[RECORDS FOR THE TASK — start]
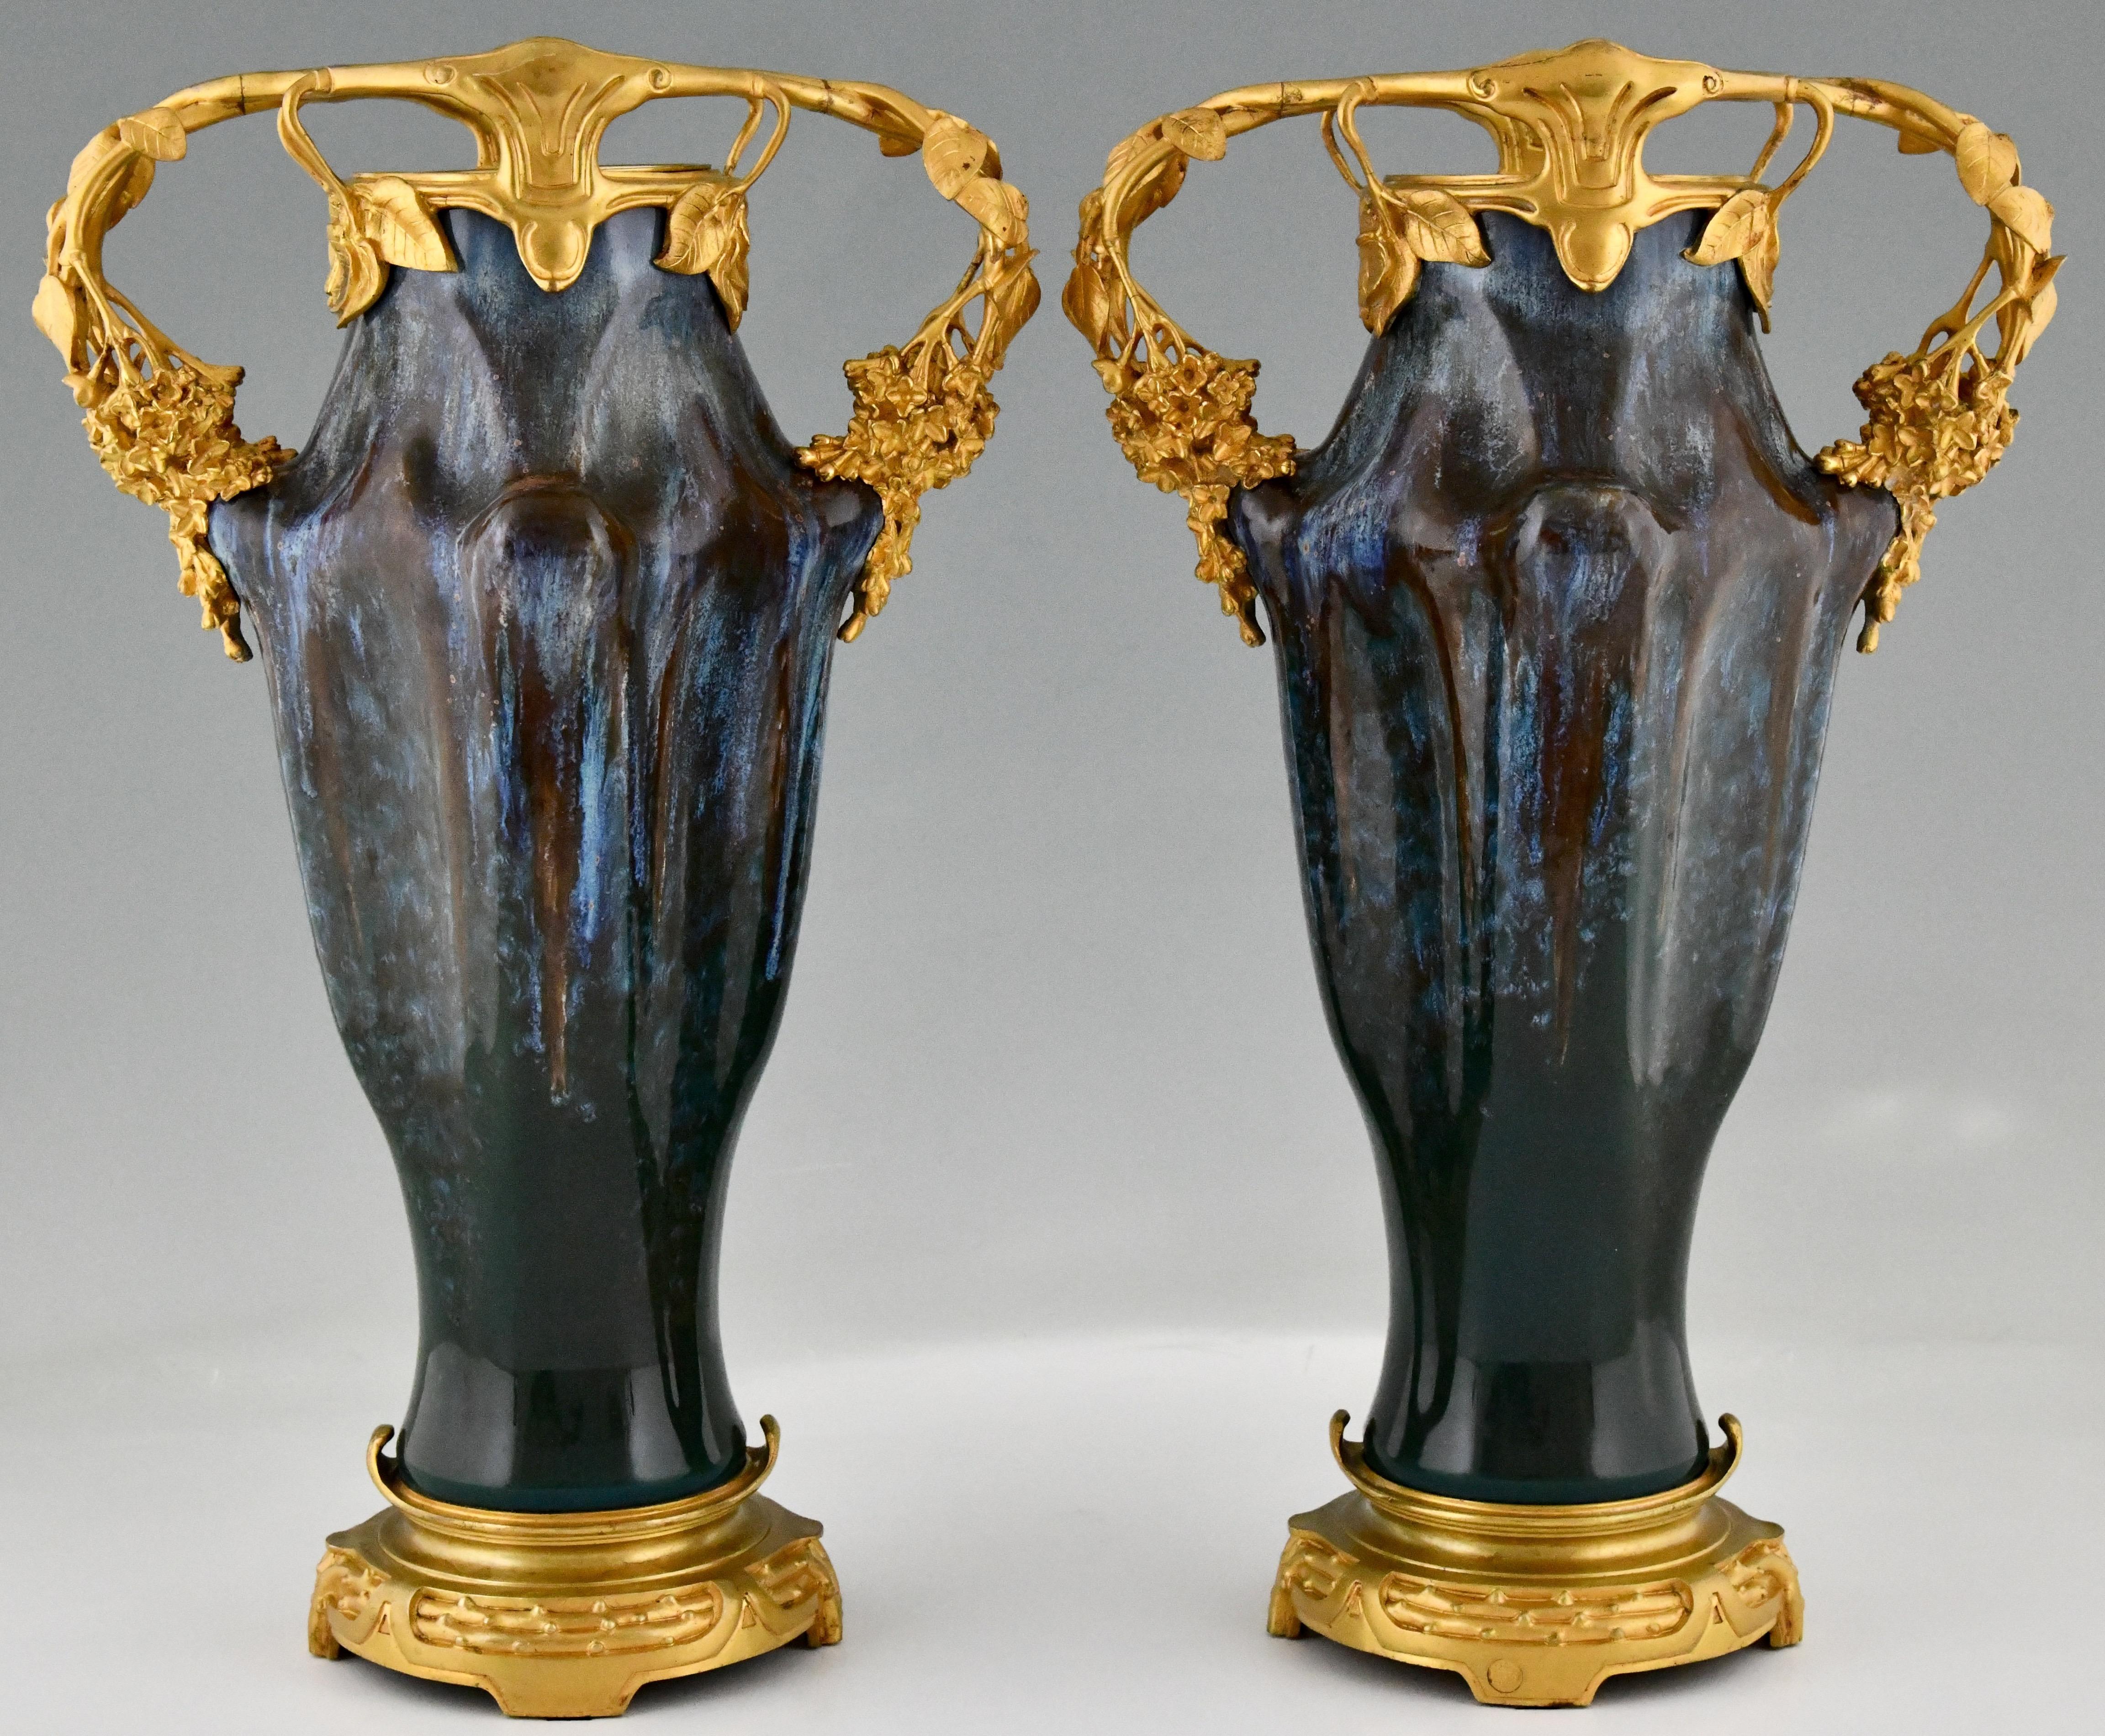 Pair of Art Nouveau ceramic and bronze vases by Paul Louchet (1854-1936).
Alphonse Lamarre & Manufacture Pillivuyt. 
Ceramic with blue and grey enamel. 
Gilt bronze. 
France 1900.
[RECORDS FOR THE TASK — finish]
WORK INSTRUCTIONS: Print exactly the lines from the one containing "Alphonse Lamarre & Manufacture Pillivuyt." through the last line of the records above, both included.

SOLUTION TO THIS PROBLEM:
Alphonse Lamarre & Manufacture Pillivuyt. 
Ceramic with blue and grey enamel. 
Gilt bronze. 
France 1900.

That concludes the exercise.